Here are some quotes of English -language books which mention Finnair. I know they are weak but not any weaker than the quotes provided for TWA or Ford, just to mention two examples. I made this entry originally to demonstrate the need for being stricter with company names. We should either allow none or all. Any attempt to draw the line somewhere else is going to be arbitrary.

  • The Finnair employee leafed through the red pages, punched an entry into her computer and bent down to read the output. Enemy Territory, Douglas Terman, fiction, Bantam Books (1990), →ISBN.

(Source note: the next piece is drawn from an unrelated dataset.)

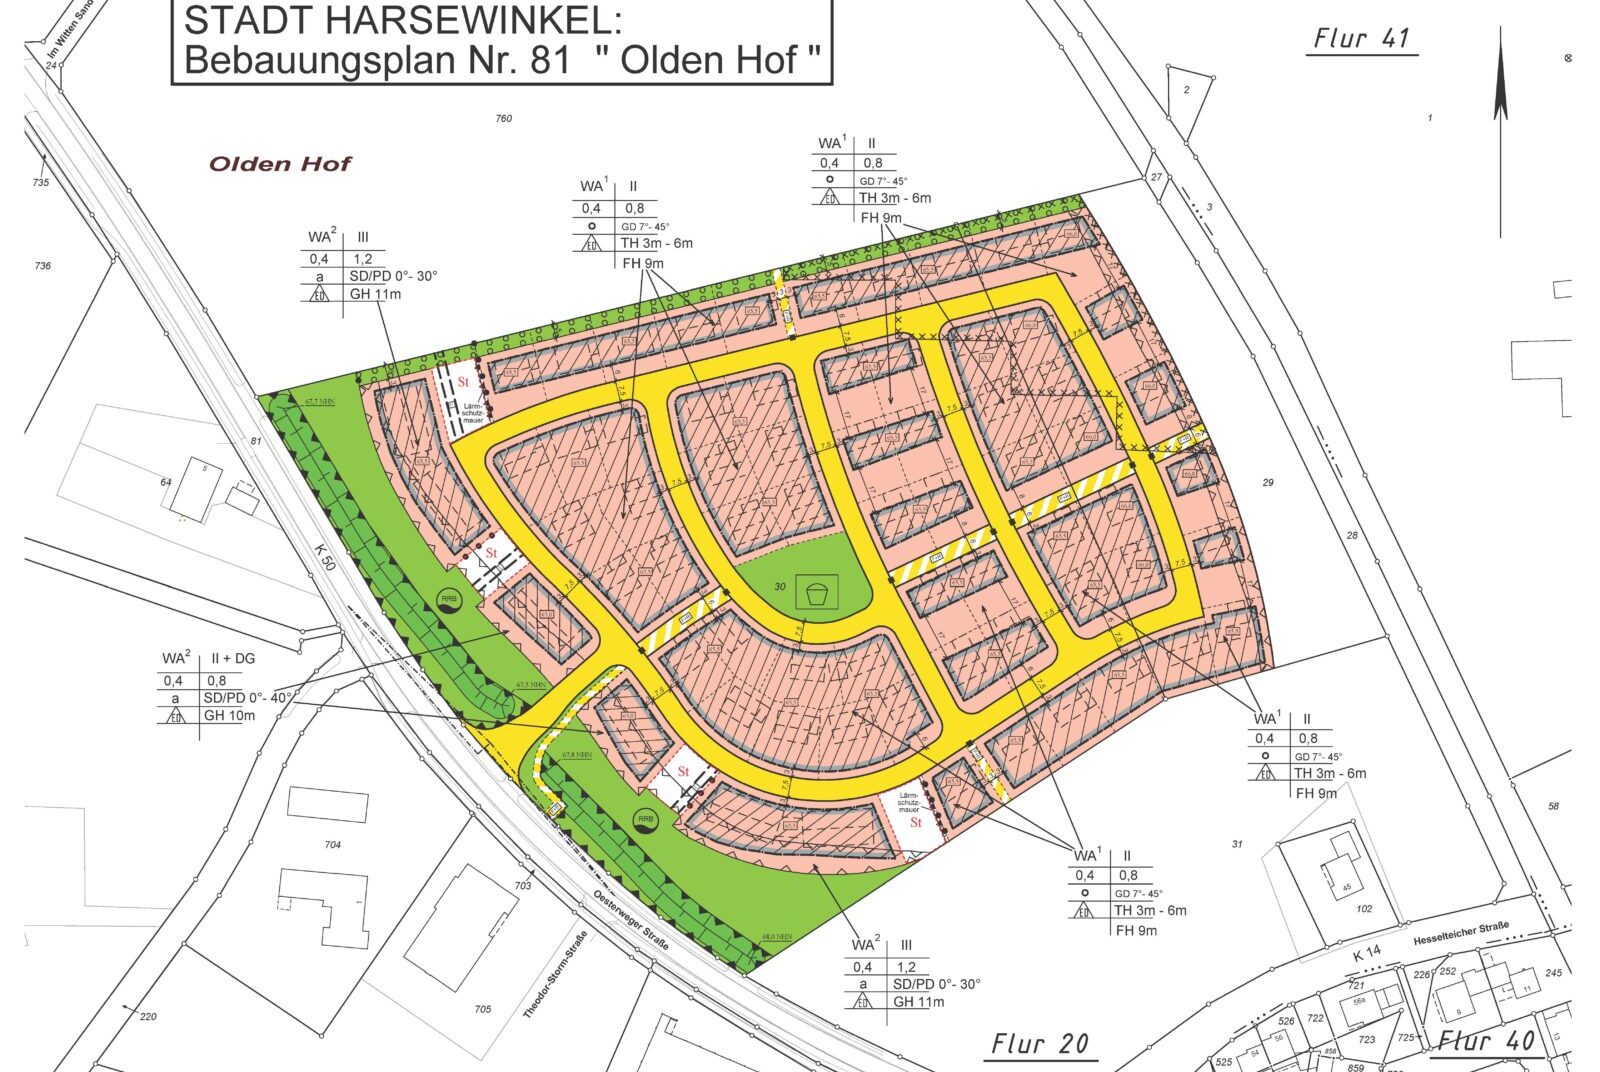 Planzeichnung Bebaungsplan Nr. 81 "Olden Hof" der Stadt Harsewinkel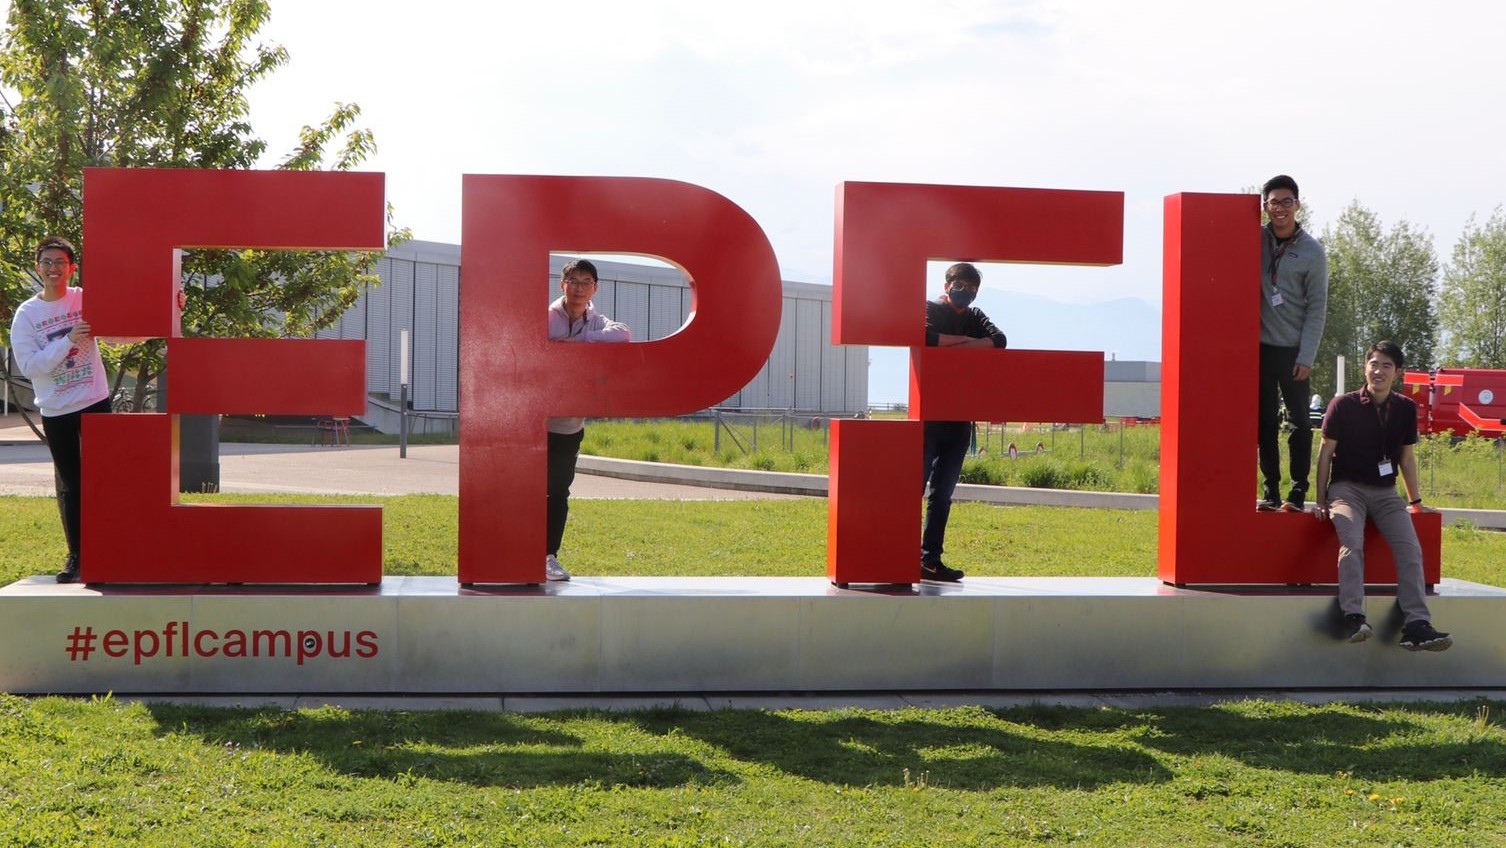 2022 ‒ International ‐ EPFL

  • But all the same, pay attention to one thing which is a part of human existence: on a trip by Finnair from Helsinki to New York you can listen to all kinds of music. Greetings from Lapland: The Sami, Europe's forgotten people, Nils-Aslak Valkeapää, translated into English by Beverley Wahl, Zed Press (1983).
  • The rise in cigarette sales comes from the people in the streets, who are behind in everything. In the car a poster noted that 72 per cent of New York's bank officers commute. Another poster carried the only ad for Finnair I've ever seen. The Power Game, Clay Felker, published by Simon and Schuster (1969). Hekaheka 06:37, 26 November 2007 (UTC)Reply

Kept. See archived discussion of 12 2007. 21:15, 19 January 2008 (UTC)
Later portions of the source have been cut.